En mérito de lo expuesto, la CORTE SUPREMA  DE JUSTICIA, SALA DE CASACIÓN PENAL,   

RESUELVE:  

1.  CONFIRMAR  la  decisión  del  15  de  julio  de  2014  emitida por la Magistrada de Control de  Garantías  de  Justicia  y Paz del Tribunal Superior de Bucaramanga, conforme a  los argumentos expuestos.   

2.  DEVOLVER  la  actuación al Tribunal de origen.   

Contra  esta  decisión no procede el recurso  alguno   

Notifíquese y Cúmplase.  

FERNANDO ALBERTO CASTRO CABALLERO  

JOSÉ LUIS BARCELÓ CAMACHO  

JOSÉ LEONIDAS BUSTOS MARTÍNEZ  

EUGENIO FERNÁNDEZ CARLIER  

MARÍA DEL ROSARIO GONZÁLEZ MUÑOZ  

GUSTAVO ENRIQUE MALO FERNÁNDEZ  

EYDER PATIÑO CABRERA  

PATRICIA SALAZAR CUELLAR  

LUIS GUILLERMO SALAZAR OTERO  

NUBIA YOLANDA NOVA GARCÍA  

Secretaria  

    

1  La  denuncia   de   estos   bienes  la  efectuó  MANCUSO  GÓMEZ  en  diligencia  de  versión  libre del 21 de  noviembre de 2013.   

2  Acorde   con  el  artículo  76-5  de  la  Ley  1448  de  2011,  “La  inscripción  de un predio en el registro de tierras despojadas  será  requisito de procedibilidad para iniciar la acción de restitución a que  se refiere este capítulo”.   

3  Artículo 76 Ley 1448 de 2011.   

4  Artículos 82 y 83 de la Ley 1448 de 2011   

5  Artículo         78        ibídem.   

6 Corte  Constitucional en la sentencia C-099 de 2013.   

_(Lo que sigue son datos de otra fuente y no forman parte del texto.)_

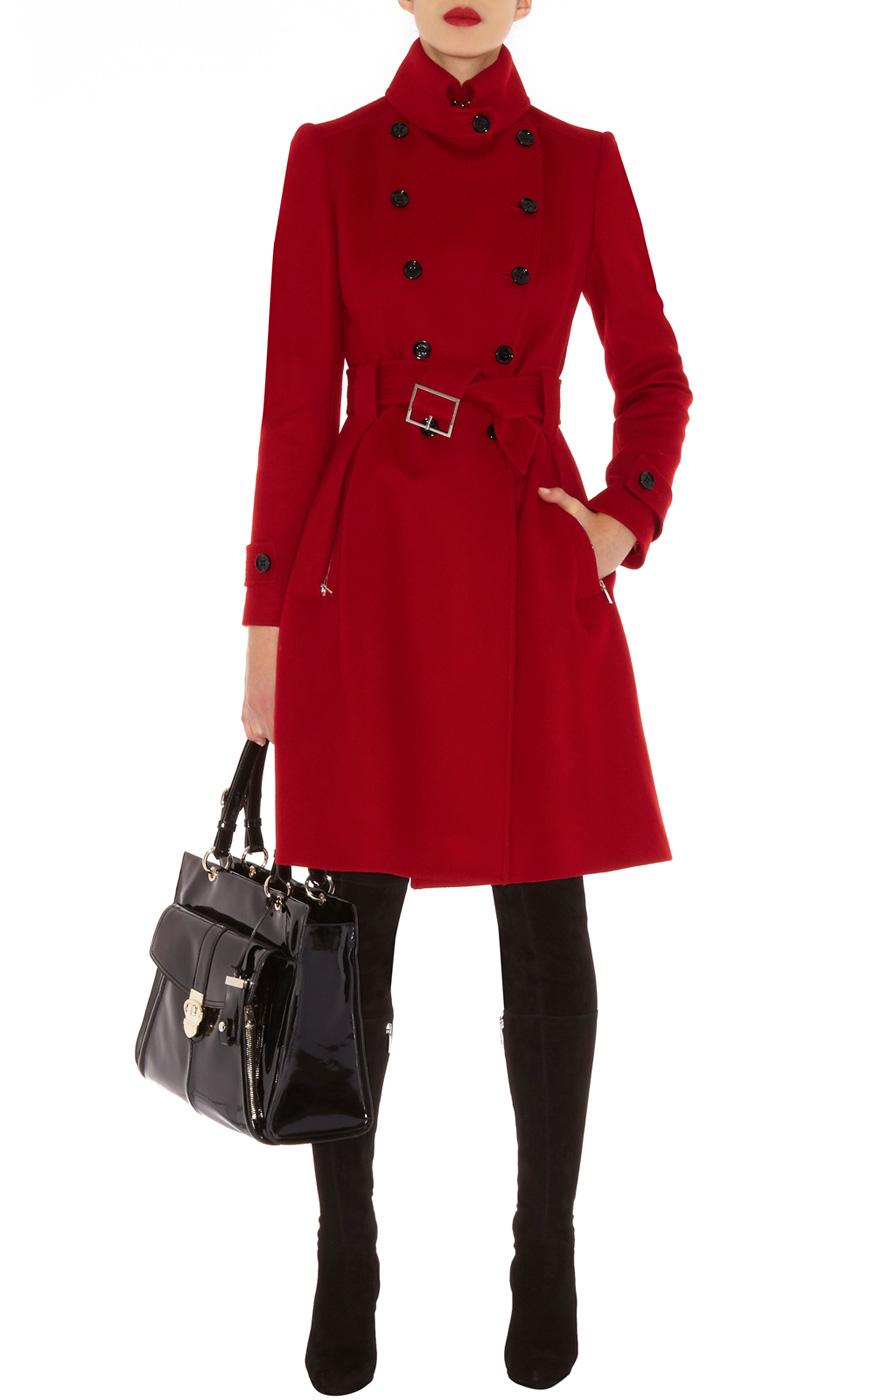 Karen millen Classic Investment Coat in Red | Lyst

7  Reglamentario de la Ley 1448 de 2001.   

8 Salvo  la  hipótesis  contenida en el artículo 38 de la Ley 1592 de 2012.     

9 Salvo  el evento de artículo 38 de la Ley 1592 de 2012.   

10 En  esa  determinación  se  eliminó  la  prohibición a la judicatura de tasar las  afectaciones  de  las  víctimas  identificadas  en  al  interior del proceso de  Justicia y paz.